広い食堂にスーツケースを運び込み、バートとアパラチカが調べ始める。アミは、自分も船室に引き籠もる。アパラチカが許可しない限り、一緒に作業するわけにはいかなかった。
船室に入って荷物を置いてから、横になろうとして、問題に気づく。トランの家に、ゆったりしたアルテン服を置きっぱなしにしてしまった。仕方なく、アミは蒲団の中で下着だけになり、横になる。
ベッドに倒れ込むと、アミはあっという間に眠ってしまう。疲れが溜まっていたのだ。どんなにゆっくり休んでも、やはりベッドできちんと休まないと、抜けない疲れや痛みがあった。柔らかい蒲団の心地よさは、今のアミには感動的なほどありがたかった。
アミが目覚めたのは、既に夜になってからだった。アミはそっと服を着直し、船室を出て様子を窺う。
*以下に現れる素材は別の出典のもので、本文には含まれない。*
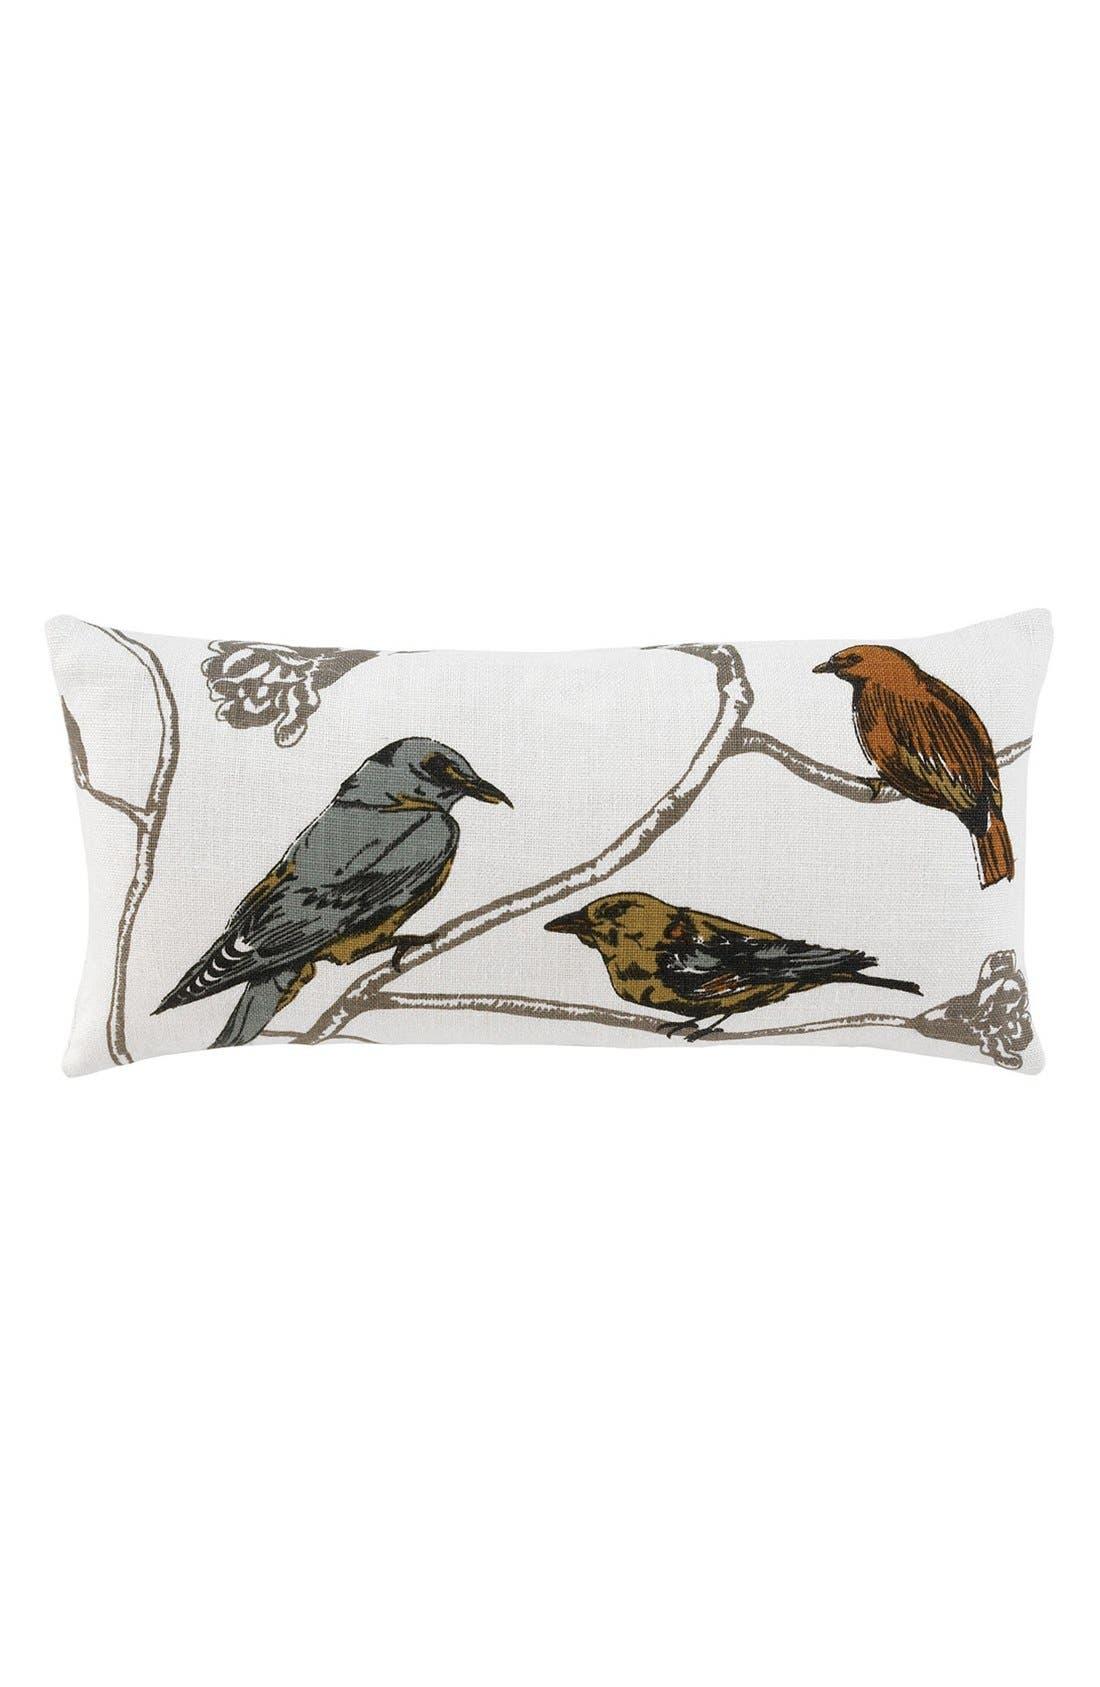 DwellStudio 'Chinoiserie' Decorative Pillow
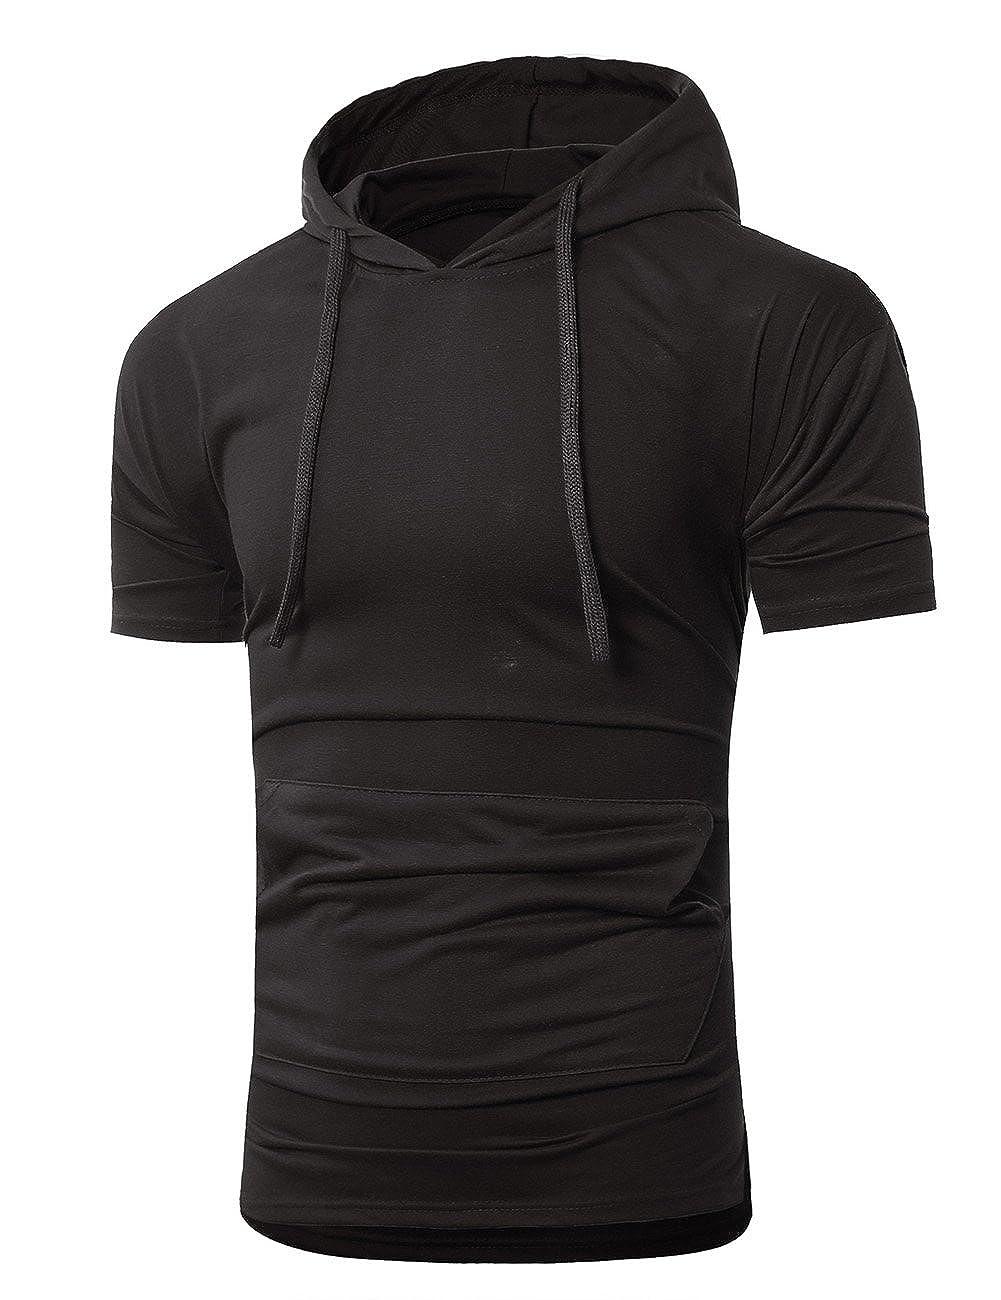 DSstyles T-Shirts Men Hoodie T Shirt Short Sleeve Slim T Shirt Pure Color Hooded Tops

バートとアパラチカは、本に向き合ってはおらず、薬棚の前で、何やら探し回っている様子だった。落ち込んで寝てしまったトランも、今はそこに加わっていた。
「いや、それは役に立たないよ……」
トランの声が聞こえてくる。
アミは、自分だけ参加できないので、置いてあった紅茶のボトルを取って飲み始める。集中しているらしい3人に、気楽に声はかけられなかった。仕方なく、アミは紅茶のボトルを持ったまま、自分の借りている部屋に戻る。歪んだ形の天井を見つめながら、まだ残っていた携帯食料をかじった。
そろそろ食べ飽きてしまった、乾燥した食感に、アミは顔をしかめる。一応、村に戻ってきているのだから、明日になれば買い出しはできる。ただ、アミは村人たちの暗い表情を見たいとは思わなかった。